Model specification and empirical strategy
The study applies a probit model to investigate the determinants of catastrophic health expenditures. The dependent variable is a binary outcome variable that is coded 1 or 0. The probability model is specified as:
$$ \Pr\ (CHE)={\beta}_o + {\beta}_1{x}_1+{\beta}_2{x}_2+\dots +{\beta}_k{x}_k + {\varepsilon}_i $$
(1)
Where Pr (CHE) is the probability of an observation (Y) being 1, where the dependent variable is coded 1 if the household incurs CHE and 0 otherwise, β is the coefficients, and x
1 to x
k
is a set of explanatory variables, ε is an error term that includes all other useful information.
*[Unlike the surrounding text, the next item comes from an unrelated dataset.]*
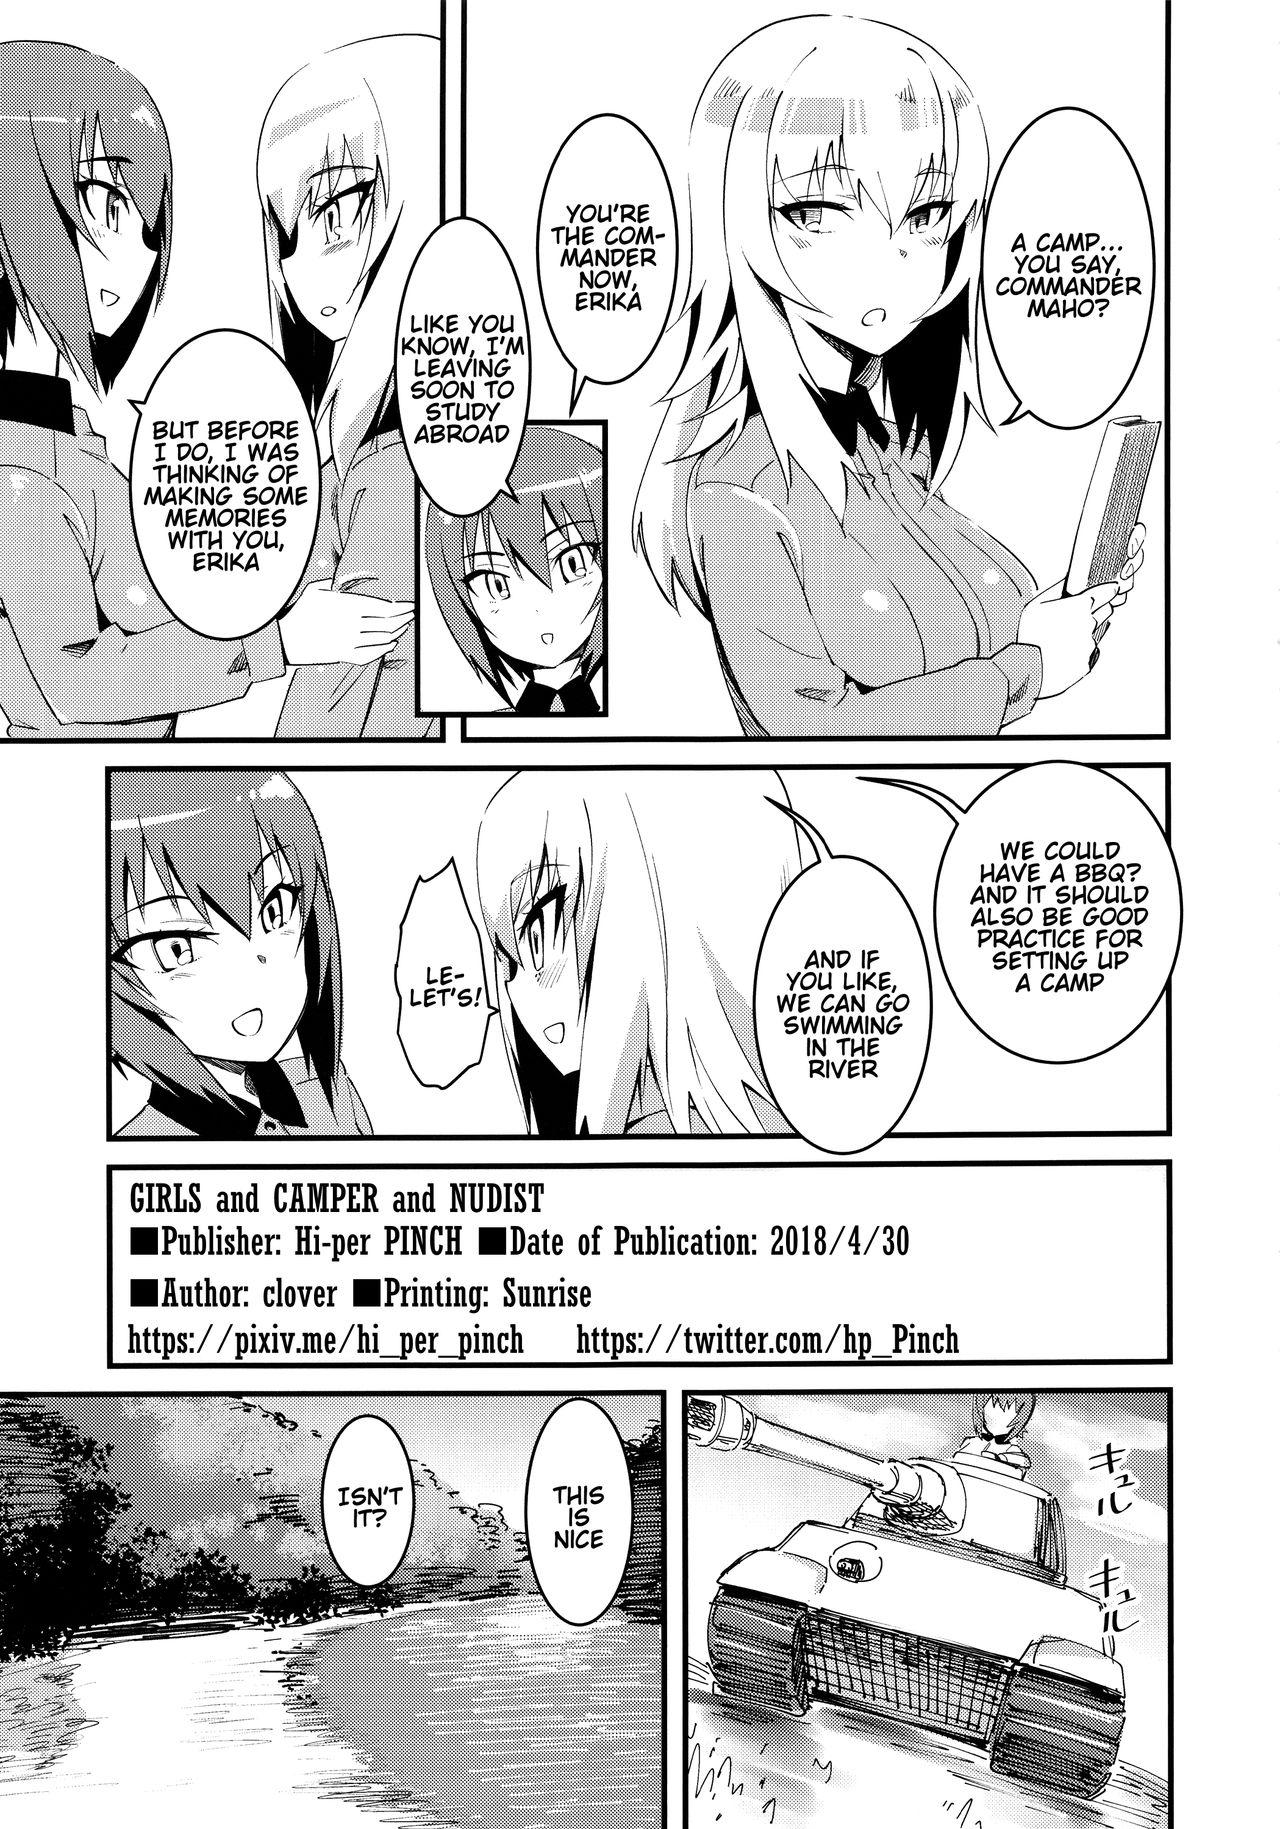 Food GIRLS and CAMPER and NUDIST - Girls und panzer Toying - Page 2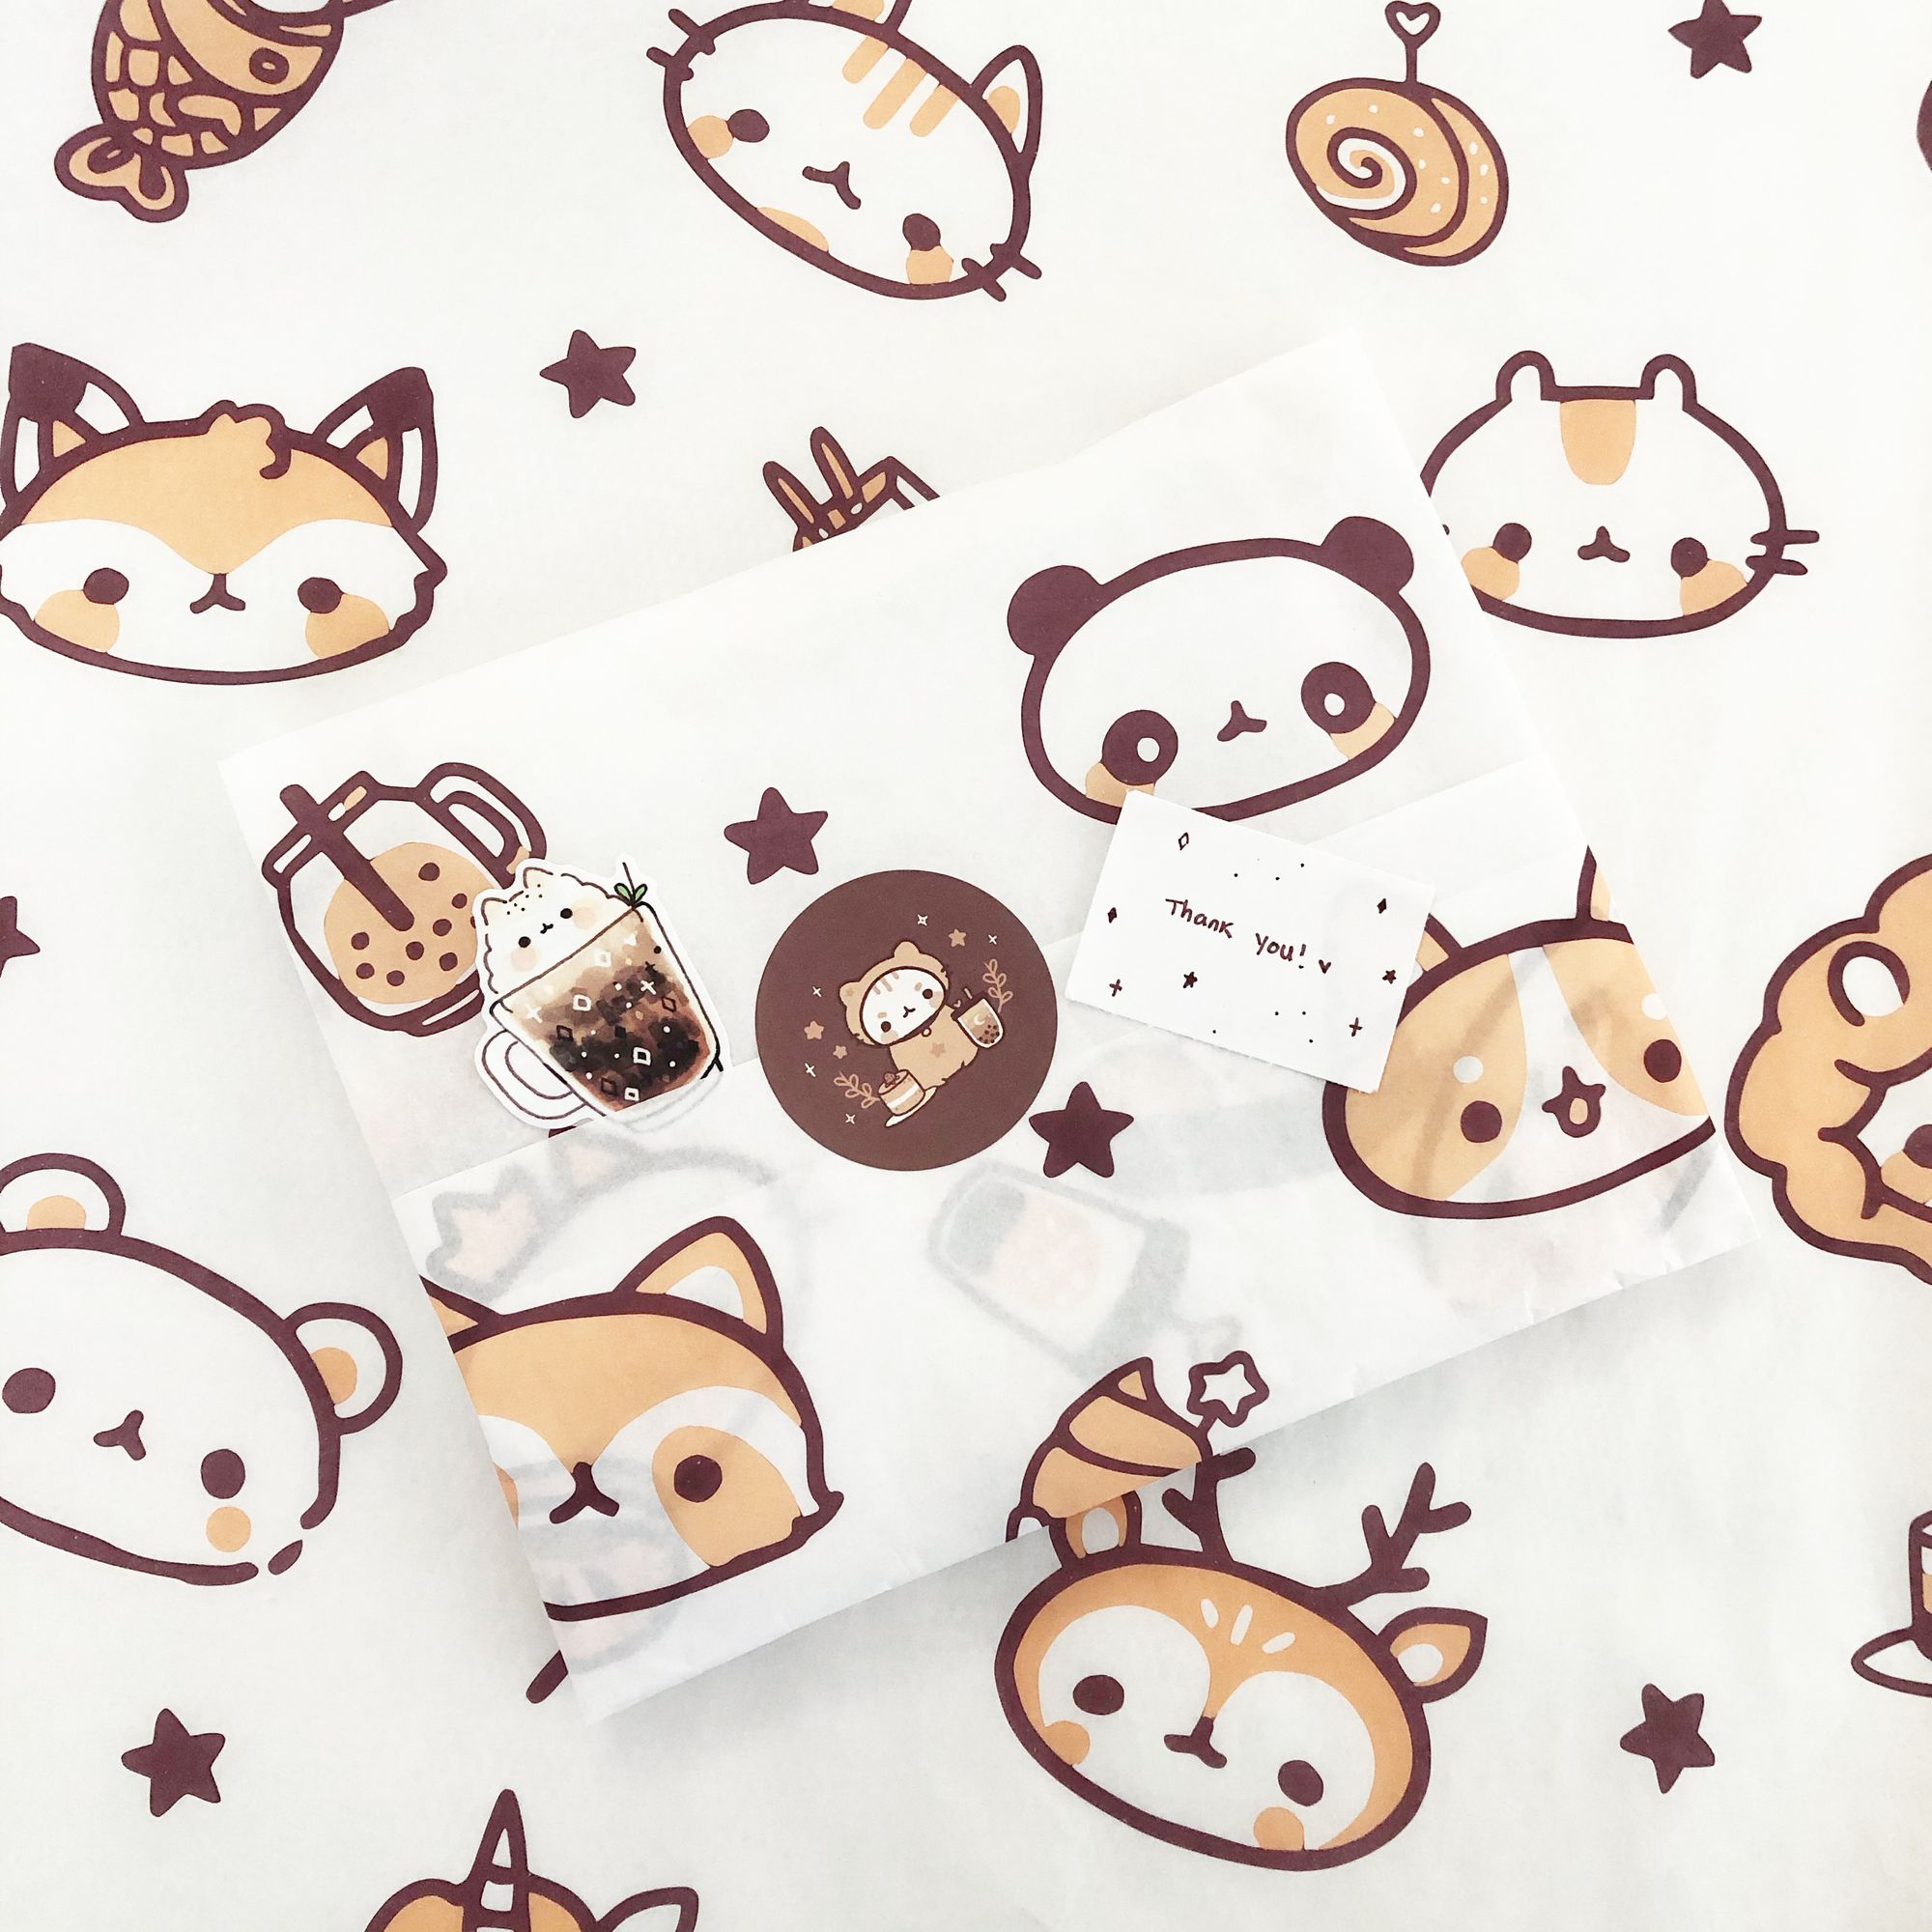 Kawaii Designs and On-Brand Packaging with MochaMochiCake

Probit models estimate coefficients that provide useful information on the direction of the effect of the change. For instance, a negative coefficient suggests that the explanatory variable is less likely to be associated with our dependent variable, Pr (CHE), and vice versa, holding all other explanatory variables constant. Marginal effects measure the change of x
1 to x
k
on Pr (CHE).
We accept a 10 % of consumption expenditure CHE threshold, after testing the 5 %, 10 %, and 40 % thresholds. For brevity, we do not present results on the formal tests of alternative specifications in this paper.3 CHE was then estimated using the standard maximum likelihood (ML) techniques reported by O’Donnell et al. [30]. ML techniques produce asymptotically consistent standard errors, and converge to the most likely values that maximise the likelihood function [31]. The probit model allows us to model our binary dependent variable, and produce more consistent estimates compared to a linear probability model (LPM) which needs to be constrained to ensure that all values in the model lie within the (0,1) range [30]. More importantly, linear models can be problematic in interpreting interaction terms as explained by Ai and Norton, and Karaca-Mandic et al. [32, 33].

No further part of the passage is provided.